There are several problems with the interpretation of the opposition of simple and compound adjectives in the ancient Slavic languages as a way to express indefiniteness/definiteness of the noun.
First of all, I can think of no reason (and no typological example) why the definite article would merge with the adjective and disappear as a separate element. Taking into consideration that in the early Slavic texts the structure of compound adjectives was pretty transparent, they seem to have grammaticalized not long before, and this и/ꙗ/ѥ should have preserved (even occasionally) as a noun identifier as well, which is not so in reality.
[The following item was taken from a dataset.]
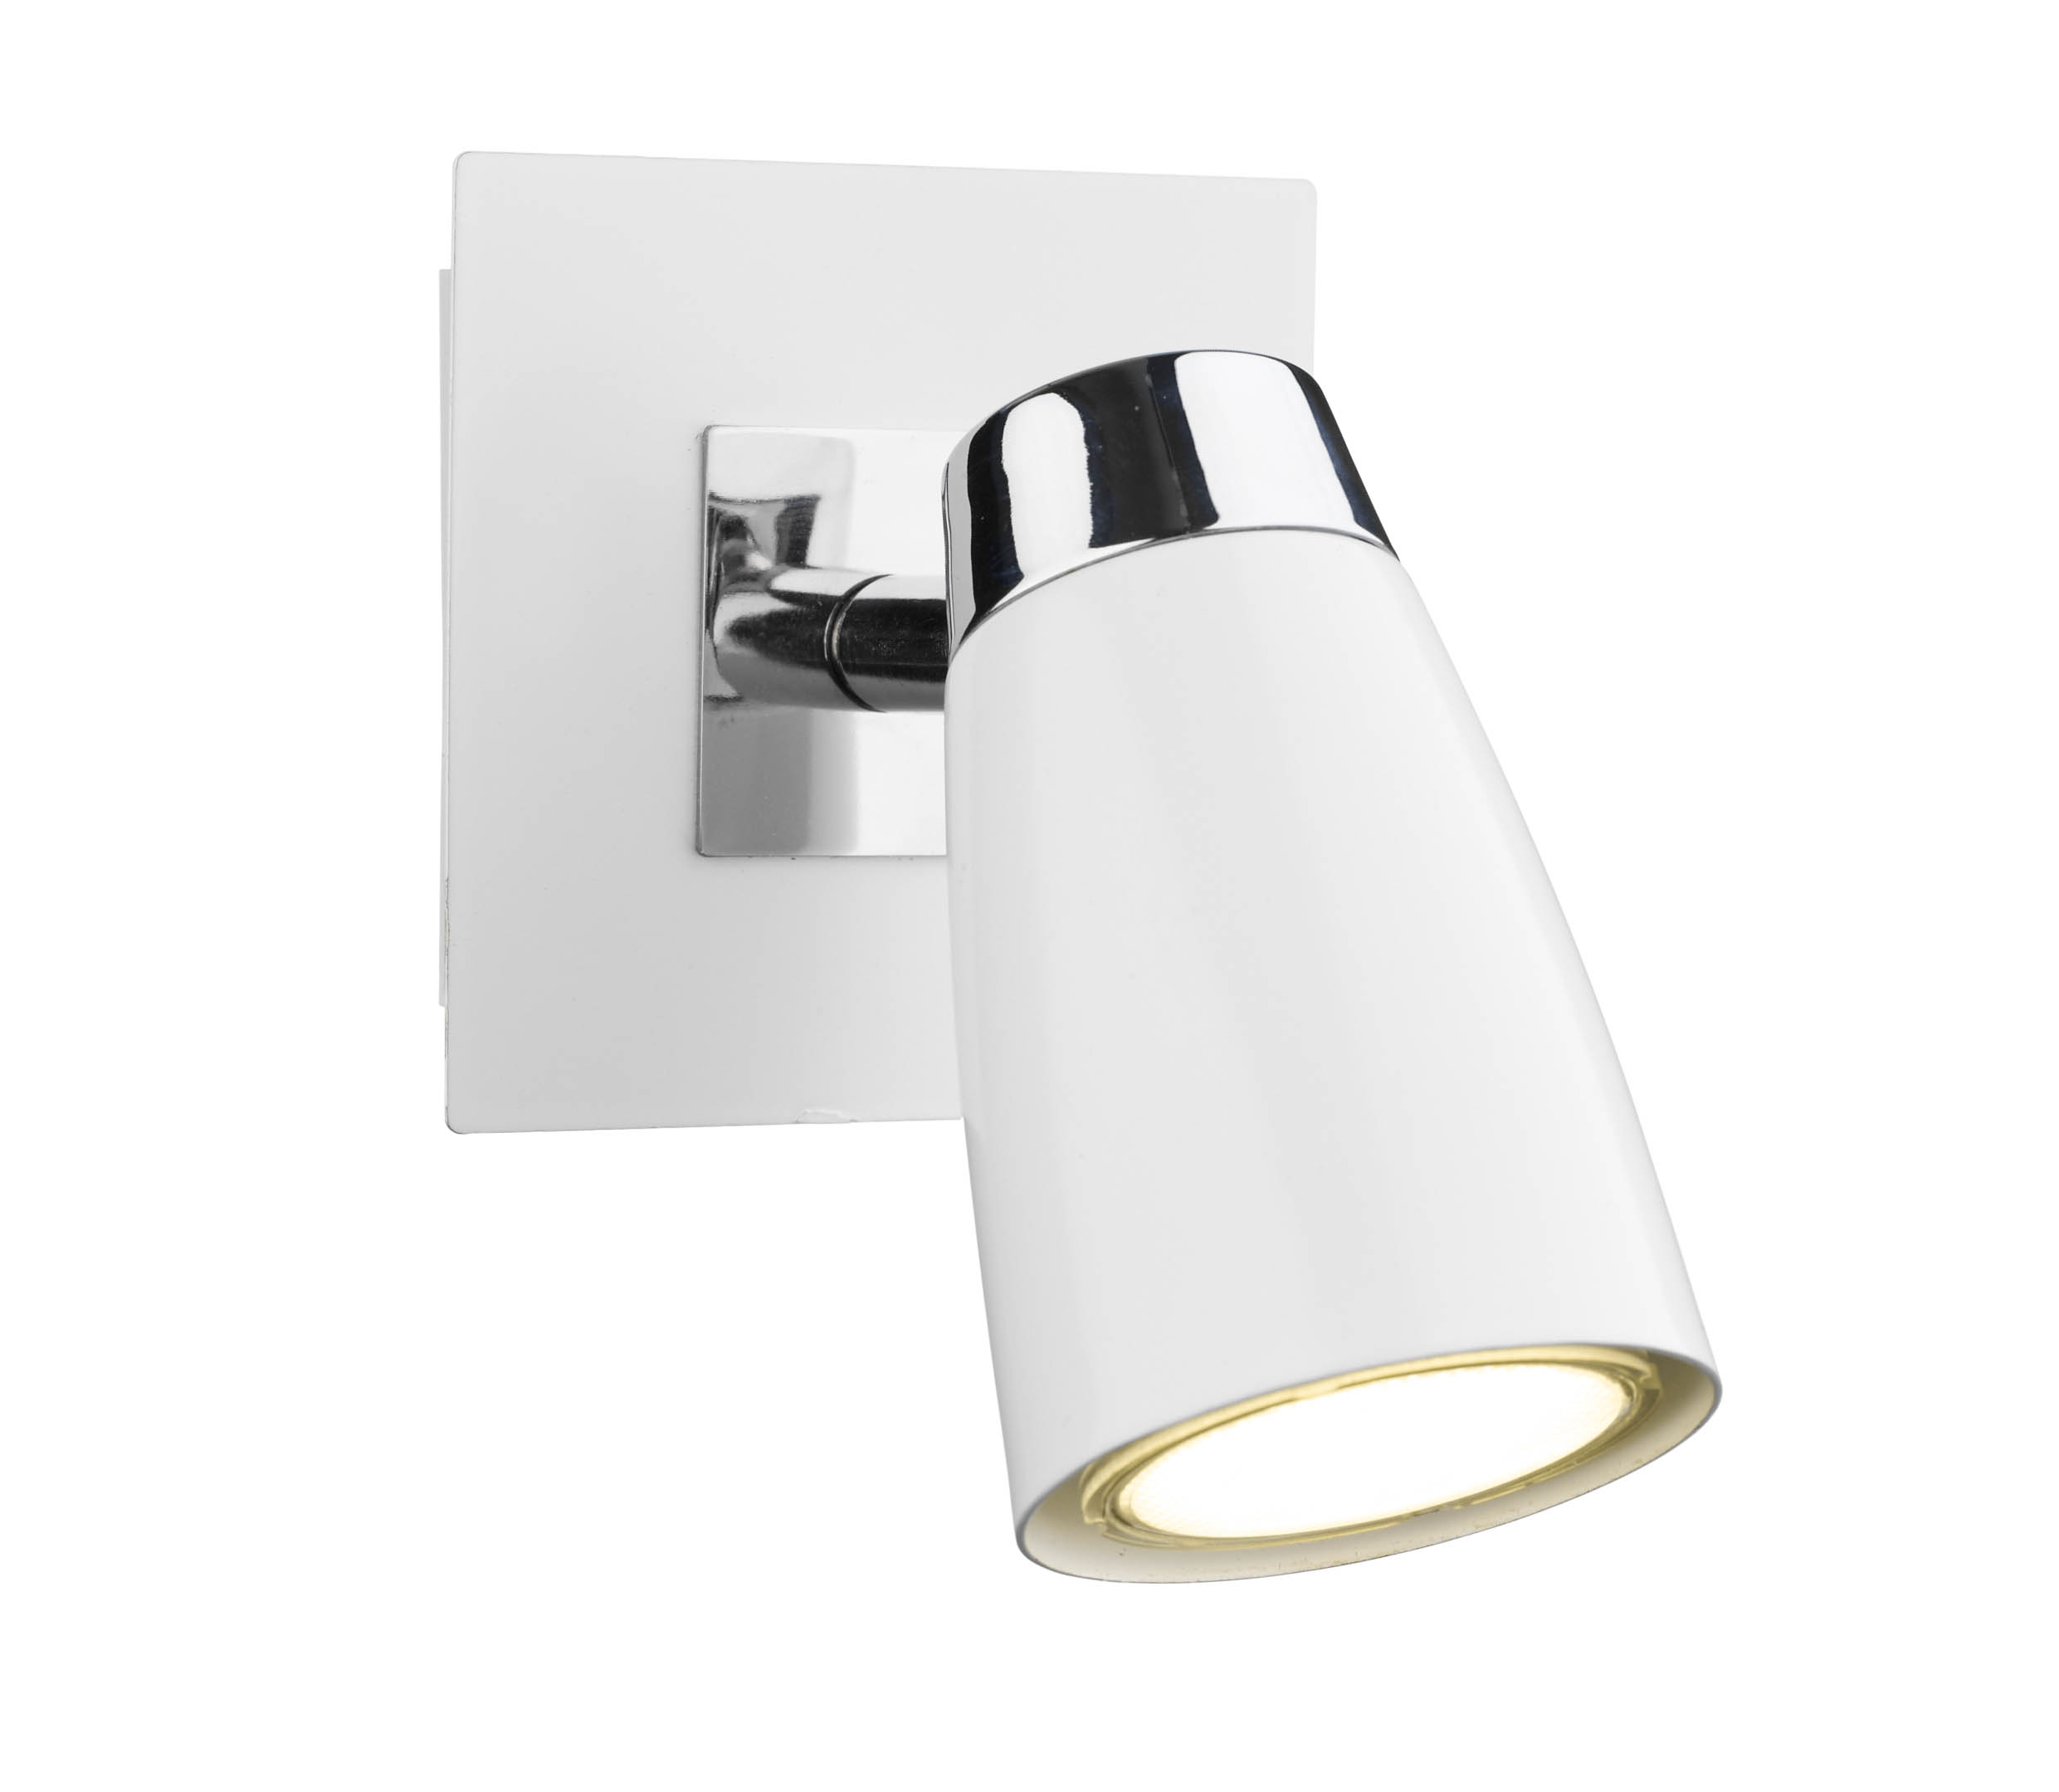 Loft 1 light modern wall spotlight matt white and polished chrome finish (SWITCHED)

Second, the meaning of the separate и/ꙗ/ѥ in the old Slavic texts, at least in the Nominative, is "which", thus the meaning of «новоѥ» being "new-which" rather than "new-the".
Third, in Lithuanian, the same opposition of simple/compound adjectives is used (as the grammars tell) to put the emphasis on the adjective rather than the noun: «žalias obuolys» means both "a green apple" and "the green apple", while «žaliasis obuolys» means "a/the apple which is green, which differs by its green color".
Thus, in the opposition «зелено ꙗблъко» vs. «зеленоѥ ꙗблъко» the second variant puts an emphasis on the uniqueness of the meaning expressed by the adjective (the green apple among apples of other color). With time, the meaning shifted: in some languages (South Slavic ones), towards expressing indefiniteness/definiteness of the noun; in others, the meaning became identical, with differences in syntactical usage or in stylistic flavor.
By the way, you can find this across the literature and even in manuals of the Old Slavonic. Simply, since this distinction seems to be absent in any modern European language but Lithuanian, people by default don't pay attention to the subtleties and classify the old definiteness of adjectives as just a special case of definiteness of nouns.